CORK’S newly elected Mayor, independent councillor Danny Collins, overcame a temporary muting of his microphone for online participants at Friday’s County Council AGM, to send a strong signal to Government that he would be pressing for more funding for the local authority, which is three times the size of most other counties in the country.
Cllr Collins, who hails from Goleen but is based in Bantry, is a brother of TD Michael Collins and he wamays elected unopposed to succeed Fianna Fáil’s Gillian Coughlan who handed over the chain of office following the election are the County Hall at lunchtime on Friday. North Cork Fianna Fail councillor Deirdre O’Brien was elected as Deputy Mayor. Fianna Fáil and the Independent councillors of the authority have made an arrangement to share the mayoral positions during this term.
Cllr Collins was quick to set out his stall in a punchy opening address and he came to the point quickly: As far as the new mayor is concerned, Cork is not getting its fair share of funding from central government and he referred to the All Ireland Research Observatory report which was published last year and which pointed to the discrepancy in public funding for Cork, which has three regions, each of which is the size of another county, but only receives funding as if it were one region.

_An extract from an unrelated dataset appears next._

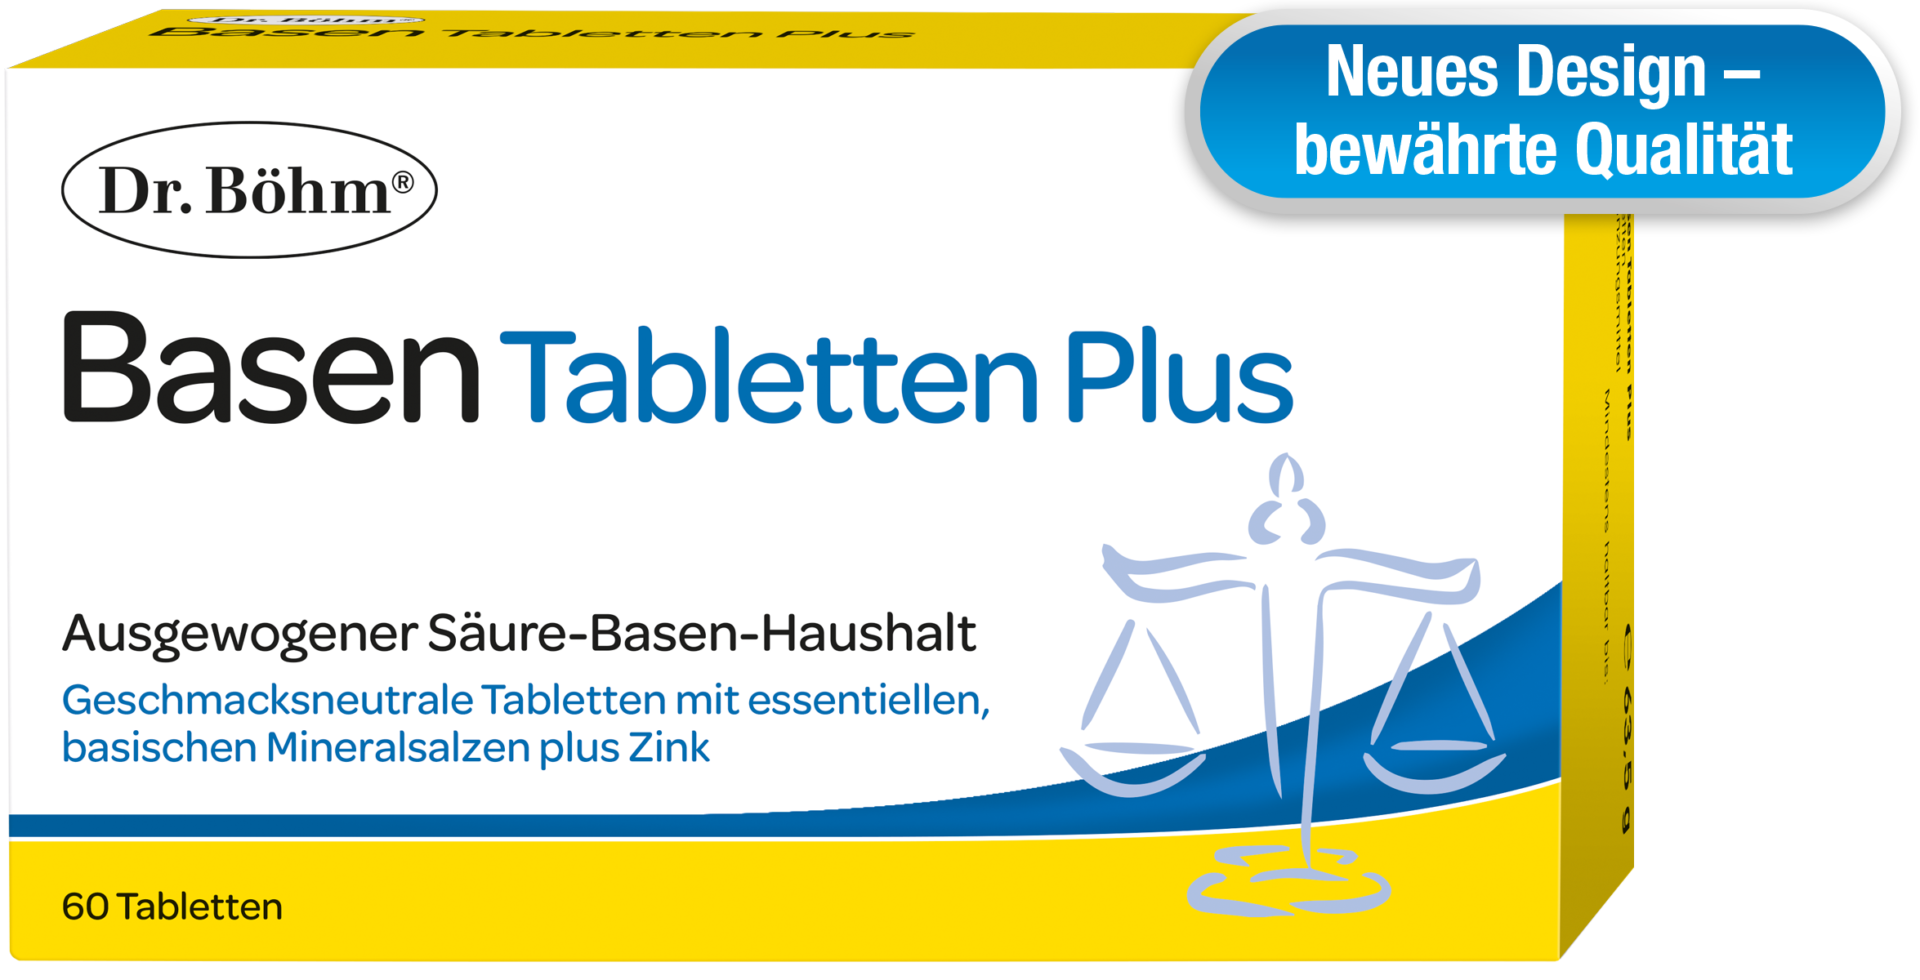 Neues Design - bewährte Qualität - Dr. Böhm® Basen Tabletten Plus

"This report showed South Cork with a population of 151,000 is on par with the entire population of our neighbours, County Kerry, and then you have West Cork with a population of 89.974 and North Cork 90,498 and they are similar to Kilkenny and Westmeath in geographic size
“West Cork would the eight largest in Ireland, North Cork would be the tenth largest and South Cork would be thirteenth.”.
Mayor Collins said he wanted to ‘blow the dust’ off the report which showed Cork wasn’t getting its fair share of funding through Clár, the Rural Regeneration, Road Maintenance, the Local Improvement Scheme and Coastal Funding.”
“This is a massive issue as we have over 230 piers and inlets dotted around our county and a lot of these need emergency funding to do emergency works on.”
In his opening speech, Mayor Collins also referred to the centenary of the Civil War which he described as ‘doing untold harm to our country’ and ‘sadly divided many families’ and took the lives of many people.
"During the next 10 or 11 months a number of communities will be remembering civil war events in their own areas and I know that reconciliation will be the theme of many of these events,” he said.
"From August 14-22, the Michael Collins Centenary commemoration festival will be held in Clonakilty and, of course, on August 21, the centenary remembrance day will be held in Béal na Blath, remembering the death of this great man this will be a very poignant time for me and for all . Cork County Council are delighted to be part of these events again remembering all these great people.”
Also in his speech, the Mayor recalled his roots, growing up in west Cork. “I was raised in the Mizen Peninsula in a place called Lowertown Schull, my parents Patrica and Seamus were hard grafters we had a small dairy farm and my father worked 48 years for Drinagh Co Op, not missing one day
"My mother Patricia was a house wife rearing five of us in family, she was also involved in a lot of different voluntary organisations and gave a lot of her time to these groups.
"She passed away in 1993 aged 54when I was 16 and this left a big gap in my life as I was the only one at home with my father but we soldiered on connected and bonded well .
“My father died suddenly in 2006 but I believe now they are and always will be looking down on me and all my family guiding us through life.”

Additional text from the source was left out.